[The Ivory Trail by Talbot Mundy]@TWC D-Link bookThe Ivory Trail CHAPTER SIX 52/106
Yet at dawn there were no signs of tents.
And when that night we arrived at Brown's homestead we seemed to have the whole world to ourselves. Brown's house was a tiny wooden affair with a thick grass roof.
It boasted a big fireplace at one end of the living-room, and a chimney that Brown had built himself so cunningly that smoke could go up and out but no leopards could come down. He got very drunk that night to celebrate the home-coming, and stayed completely drunk for three days, we making use of his barn to give our porters a good rest.
By day we shot enough meat for the camp, and at night we sat over the log fire, praying that Brown might sober up, Fred singing songs to his infernal concertina, and all the natives who could crowd in the doorway listening to him with all their ears.

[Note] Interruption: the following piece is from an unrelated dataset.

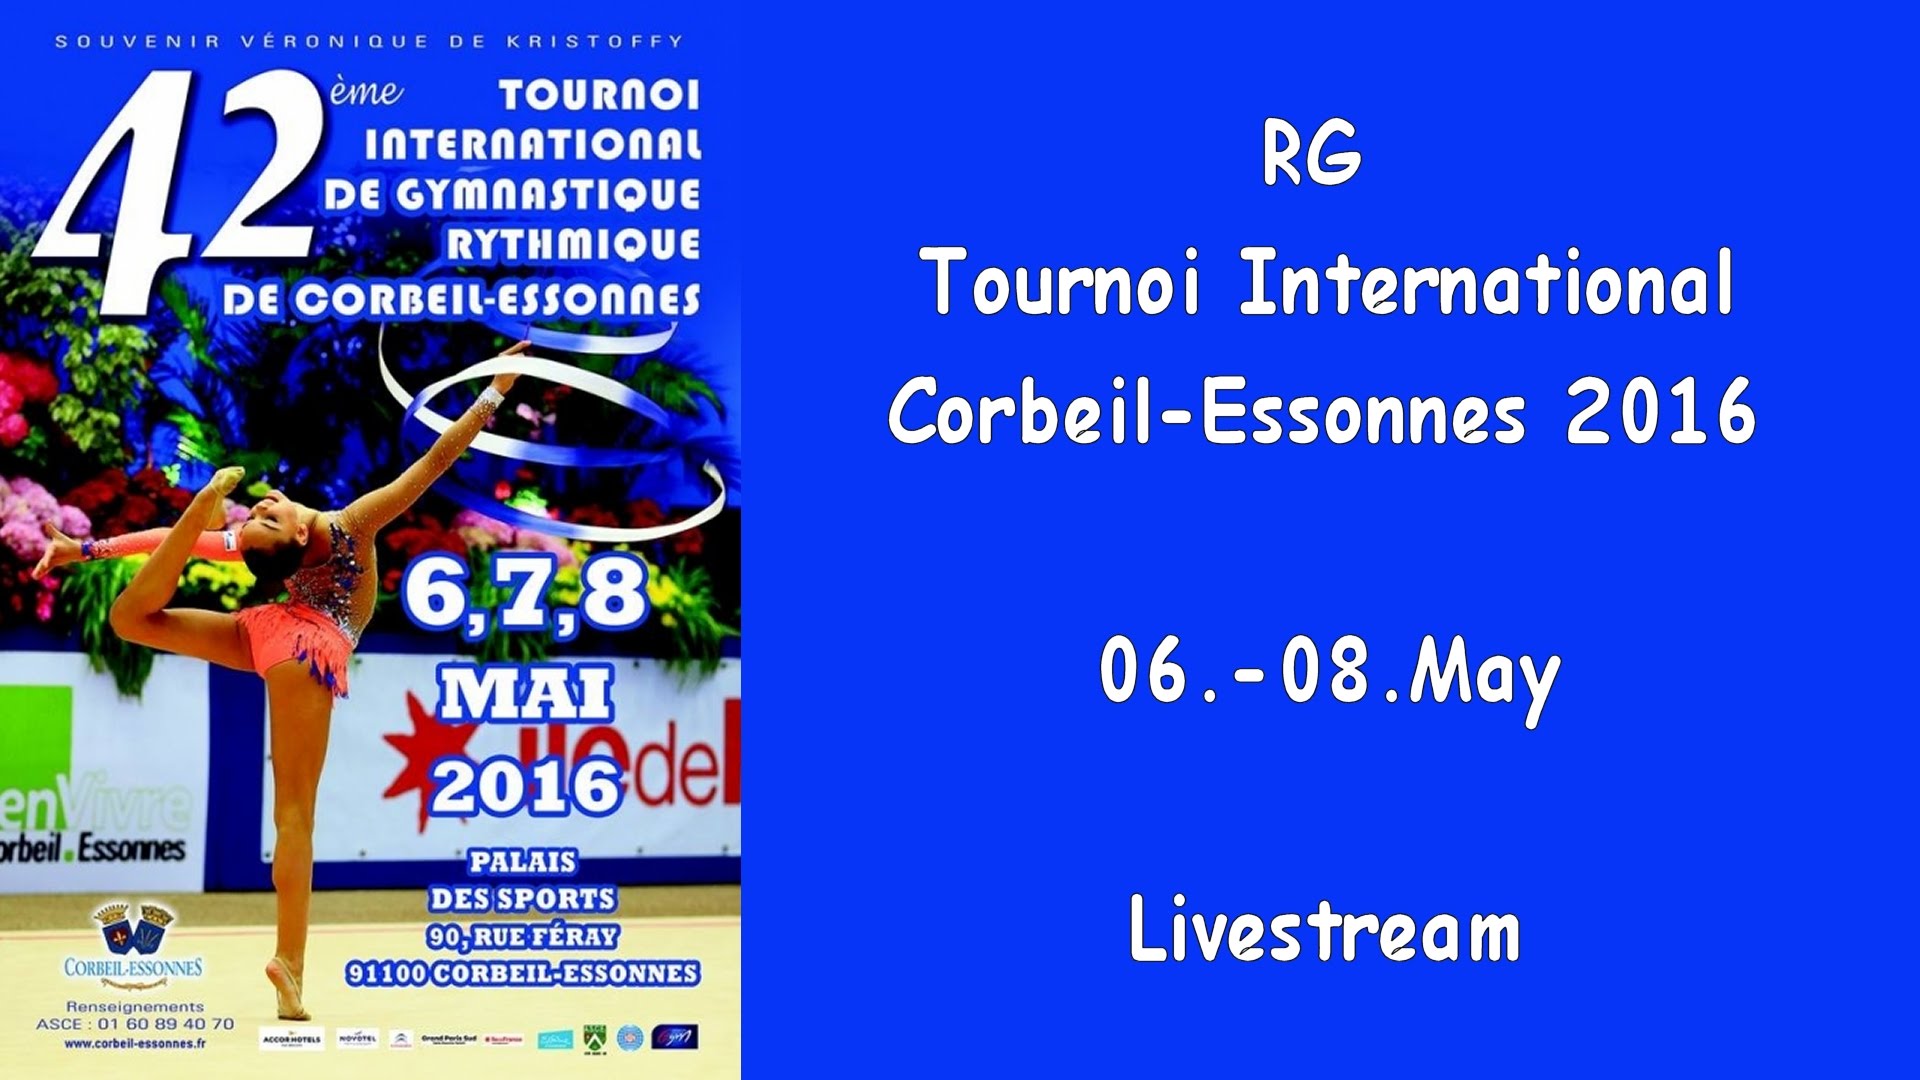 Corbeil-Essonnes 2016 Live
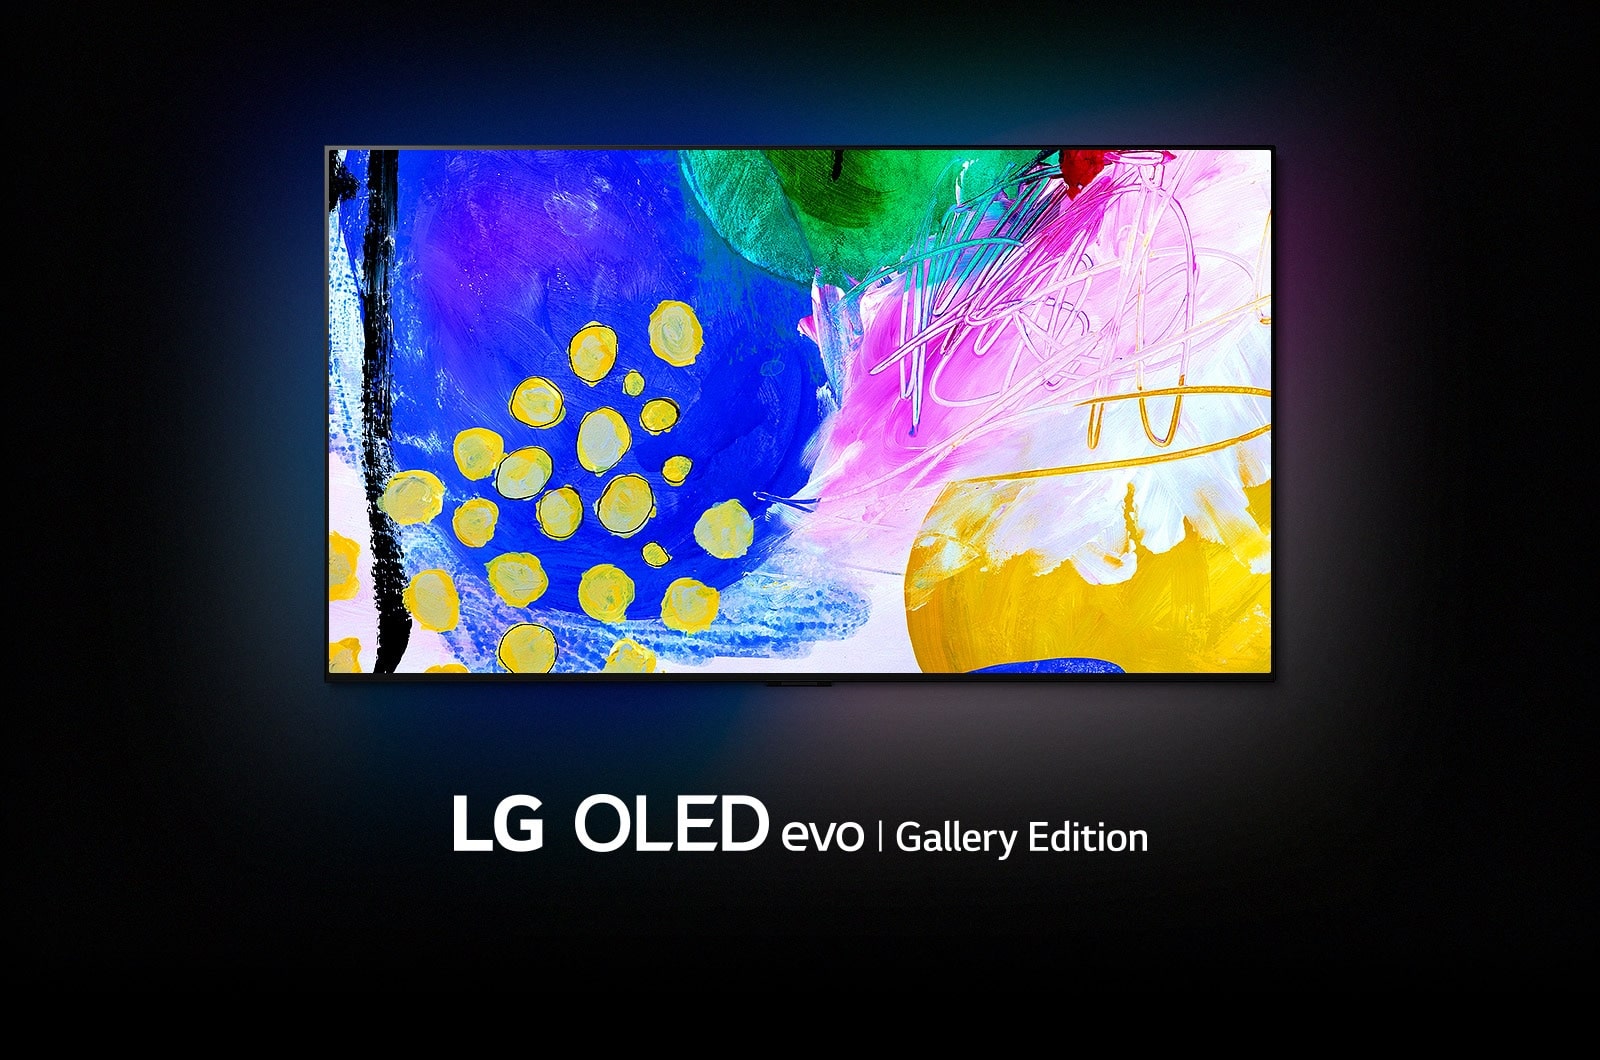 LG 77 Inch OLED G2 evo TV

Fred made vast headway in native favor, and learned a lot of two languages at once. Every day we sent Kazimoto and another boy exploring among the Lumbwa tribe, gathering information as to routes and villages, and it was Kazimoto who came running in breathless one night just as Brown was at last sobering up, with the news that some Greeks had swooped down on Brown's cattle, had wounded two or three of the villagers who herded them, and had driven the whole herd away southward. That news sobered Brown completely.